When he says that the company has fought “aggressively against some of the science,” he is positioning the oil industry in a specific space within the known/known-unknown/unknown-unknown continuum. The bread and butter for the industry and denier politicians has always been to hype the uncertainty (so much so that the technique got an entire chapter in my book)—basically, they skip past the knowns (or just lie about them, but that’s another story) and don’t bother with the unknown unknowns, spending decades and countless dollars convincing people that because we cannot see with intricate precision how high the sea will be in 2070 that strong action is futile. They take advantage of the fact that science is more than willing to admit and discuss what things we don’t know to make them seem unknowable. A clear gap in knowledge becomes a vacuum that their disinformation and obfuscation can fill.

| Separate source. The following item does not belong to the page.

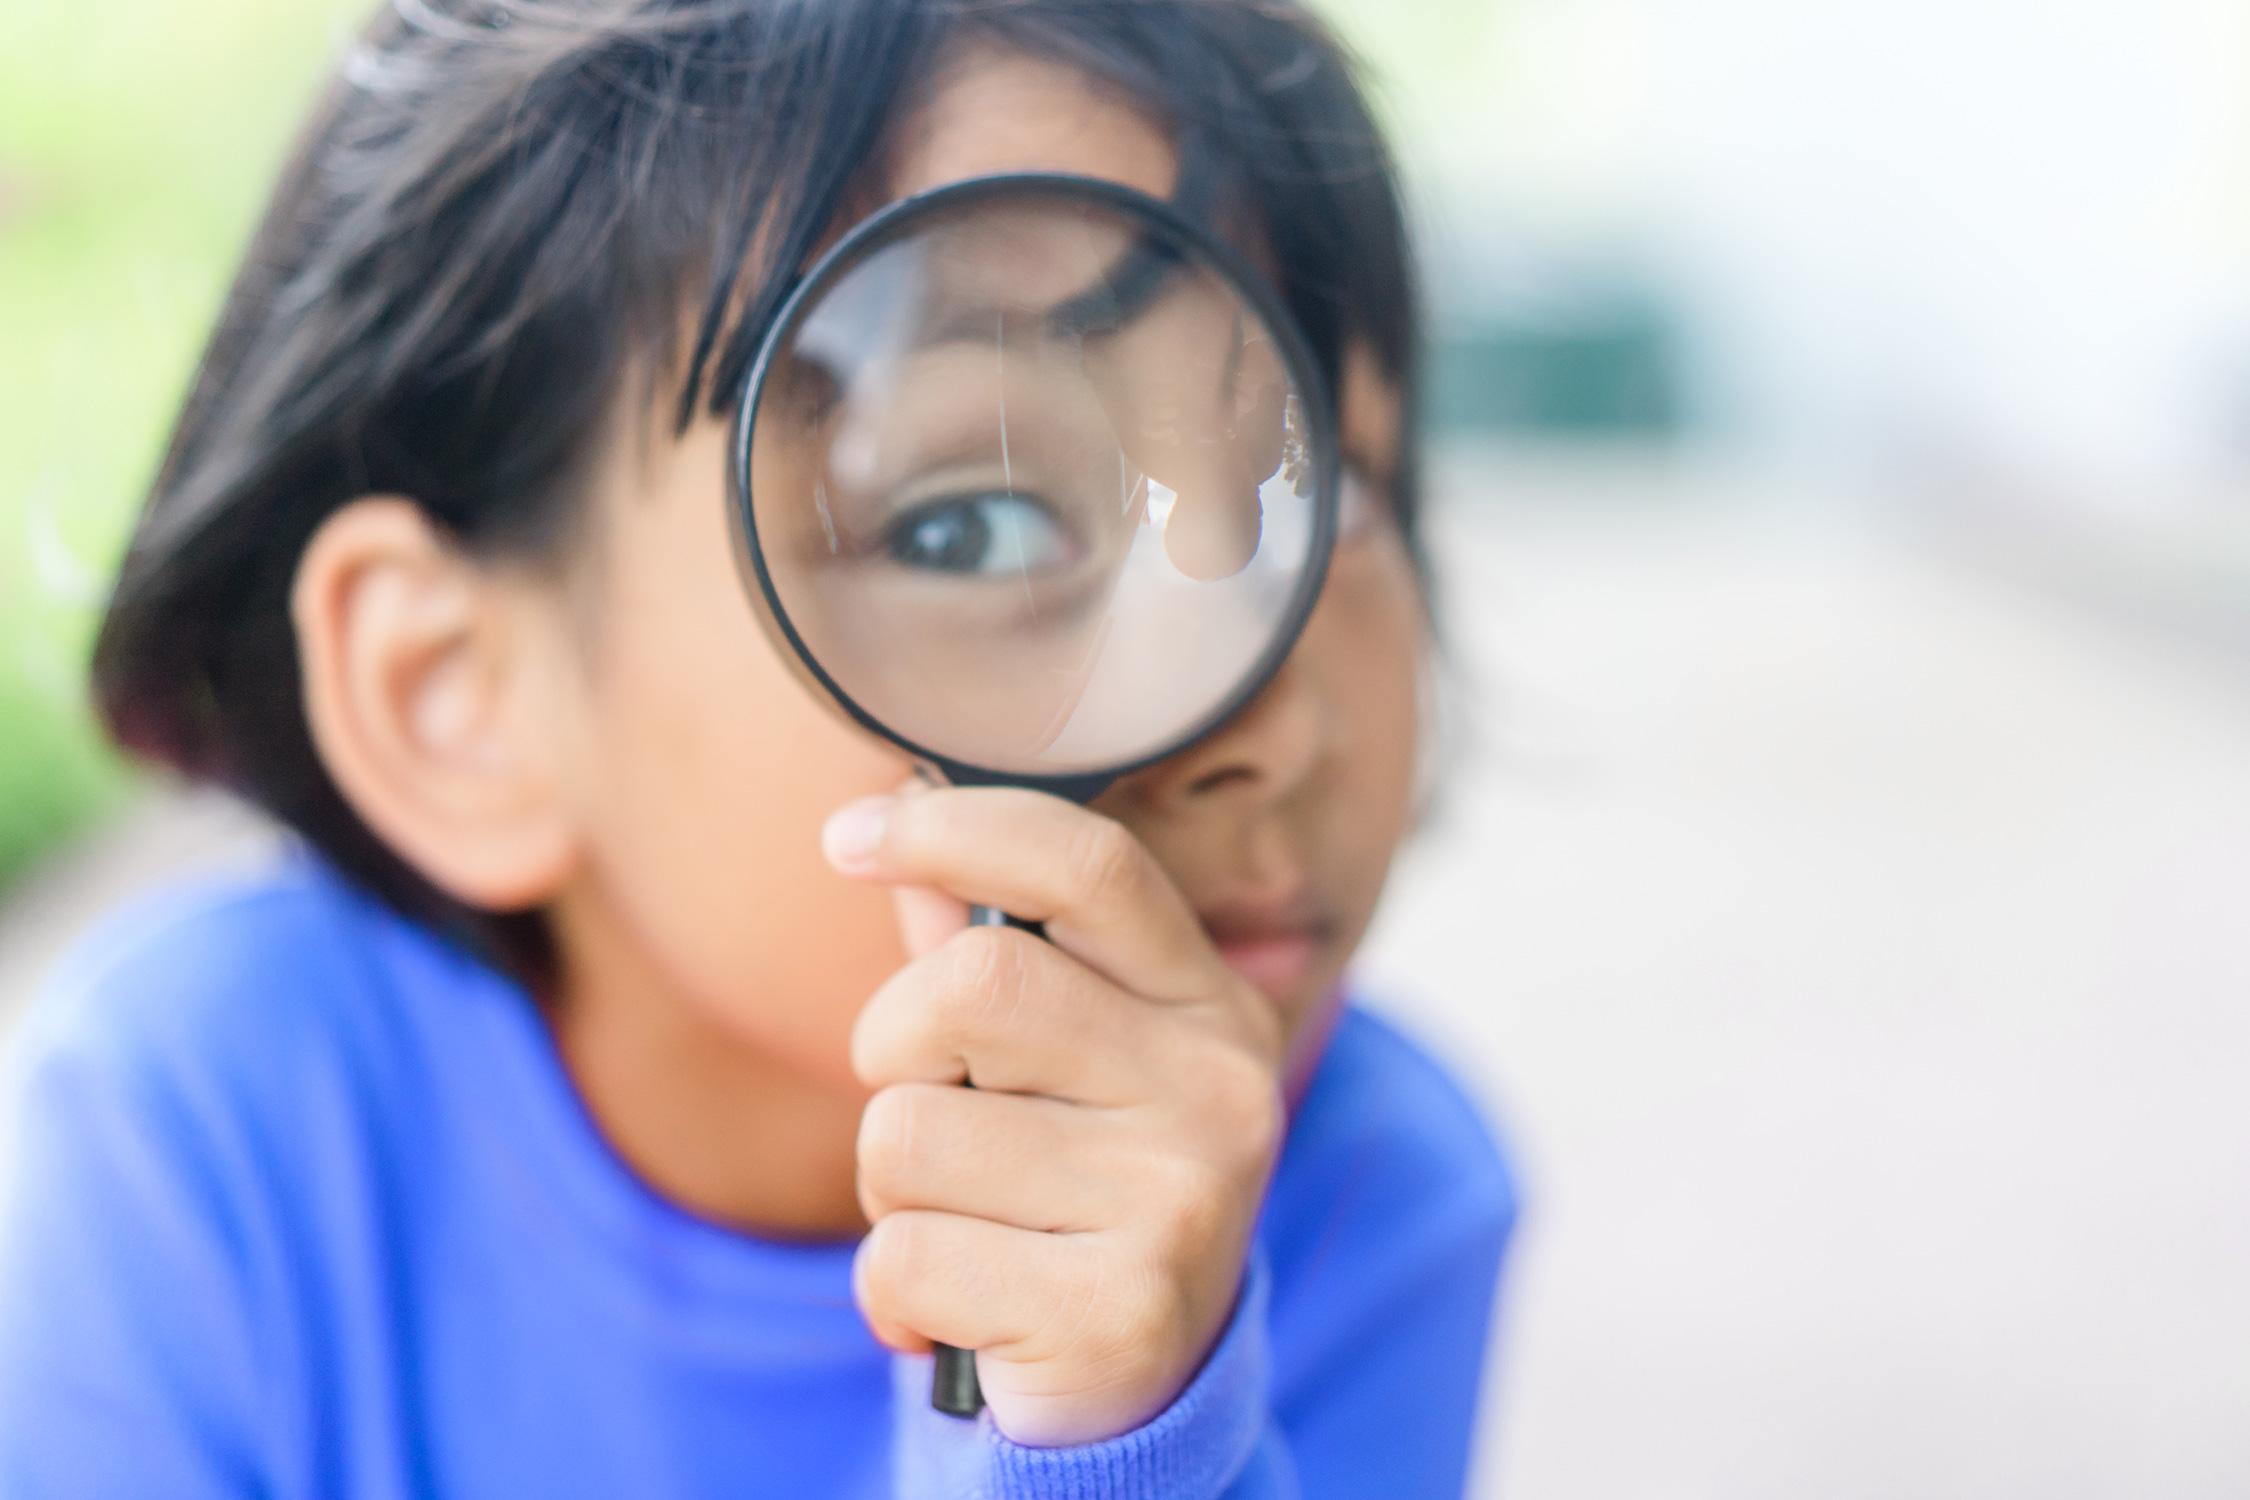 eye doctor consultation kids pediactric eye care

Interestingly, it was Donald Rumsfeld’s Pentagon that produced one of the earlier calls from the military to take climate change seriously (they have since been among the only parts of government to consistently sound the alarm). A secret report in 2004 outlined a worst-case scenario where abrupt climate change more or less throws the world into chaos by 2020—in some ways an attempt to take stabs at the unknown unknowns and what they might look like.

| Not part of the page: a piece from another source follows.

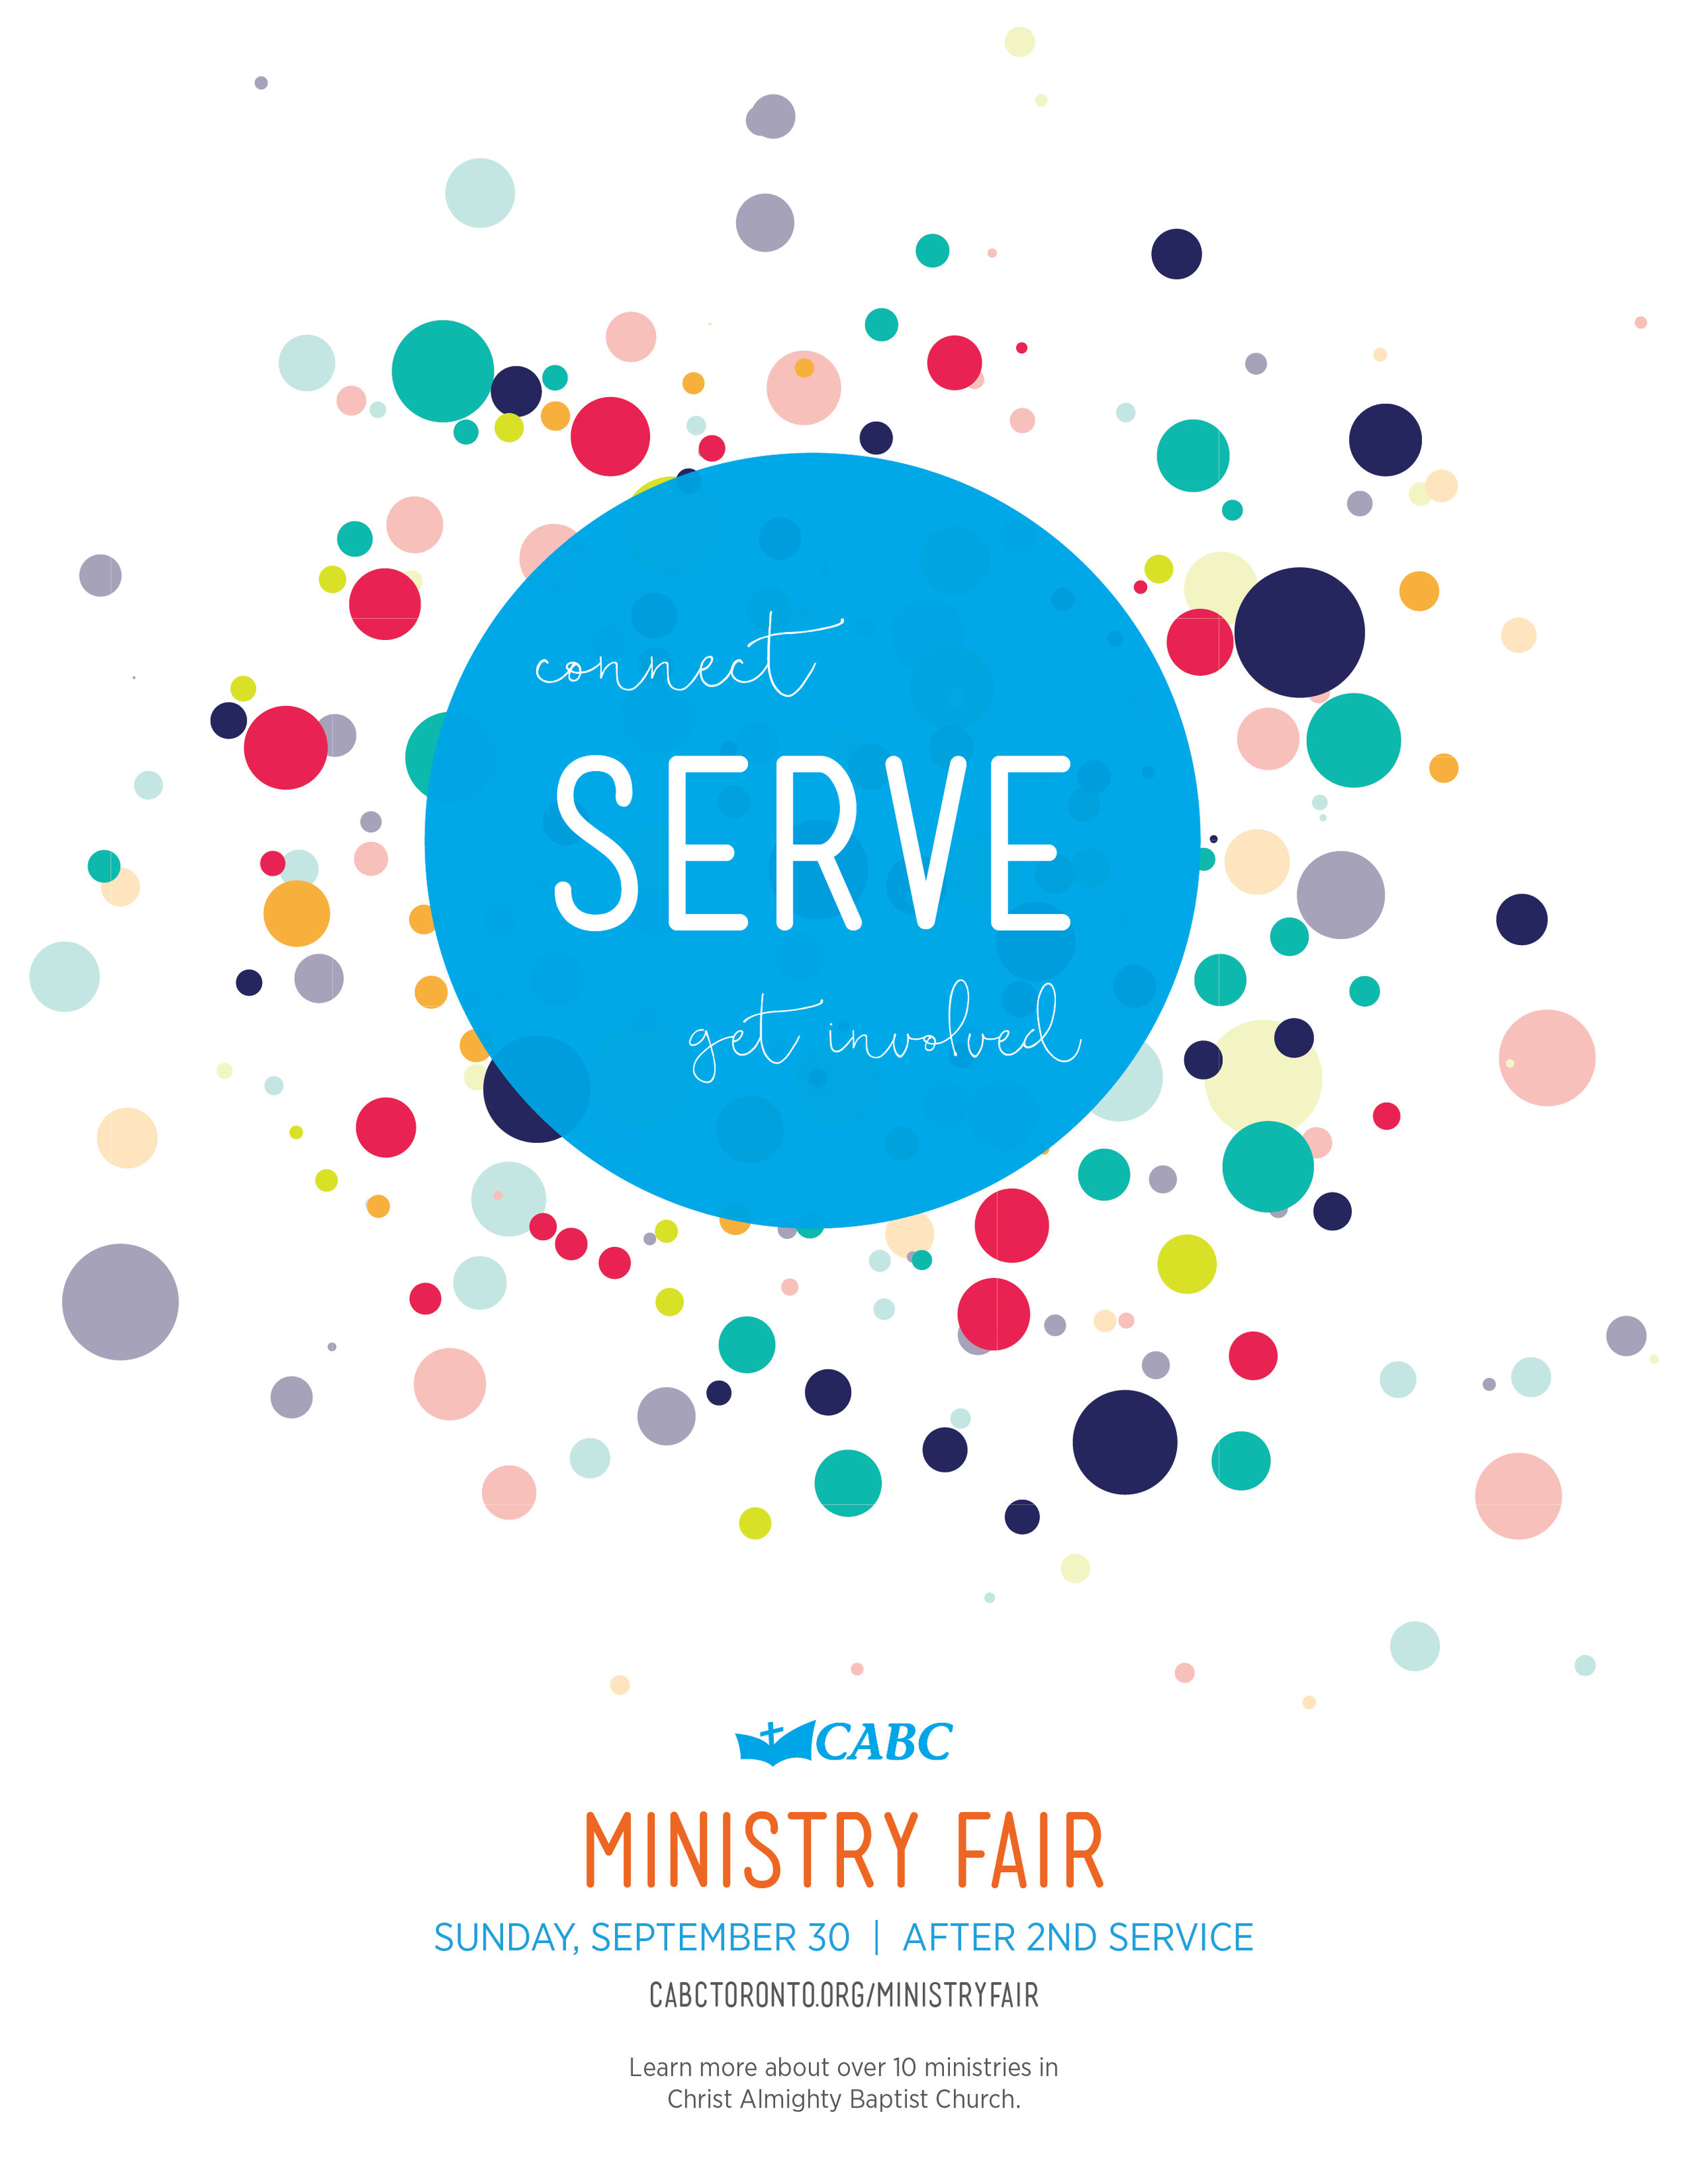 CABC-MinistryFair2018-Poster.jpg

Obviously, this most dire possibility (the report deemed in unlikely but “plausible”) did not come to fruition, but the unprecedented heat wave currently baking big chunks of the country is a fairly solid symbol of just how big a failure the seventeen years since that report have been. The ExxonMobil sting operation stands in equally well as an explanation for why that failure occurred—entrenched, powerful companies, “fighting aggressively against the science.” The tactical specifics of oil industry lobbying against climate action could be considered its own form of a known unknown—we were already well aware that they were doing this sort of thing, but every bit of sunshine on the details might help put an end to it eventually.
Back in January, Rhode Island Senator Sheldon Whitehouse gave a speech about climate change on the floor of the Senate. He had done so for the previous 278 weeks the Senate was in session as well, dating back nine years. And then he stopped.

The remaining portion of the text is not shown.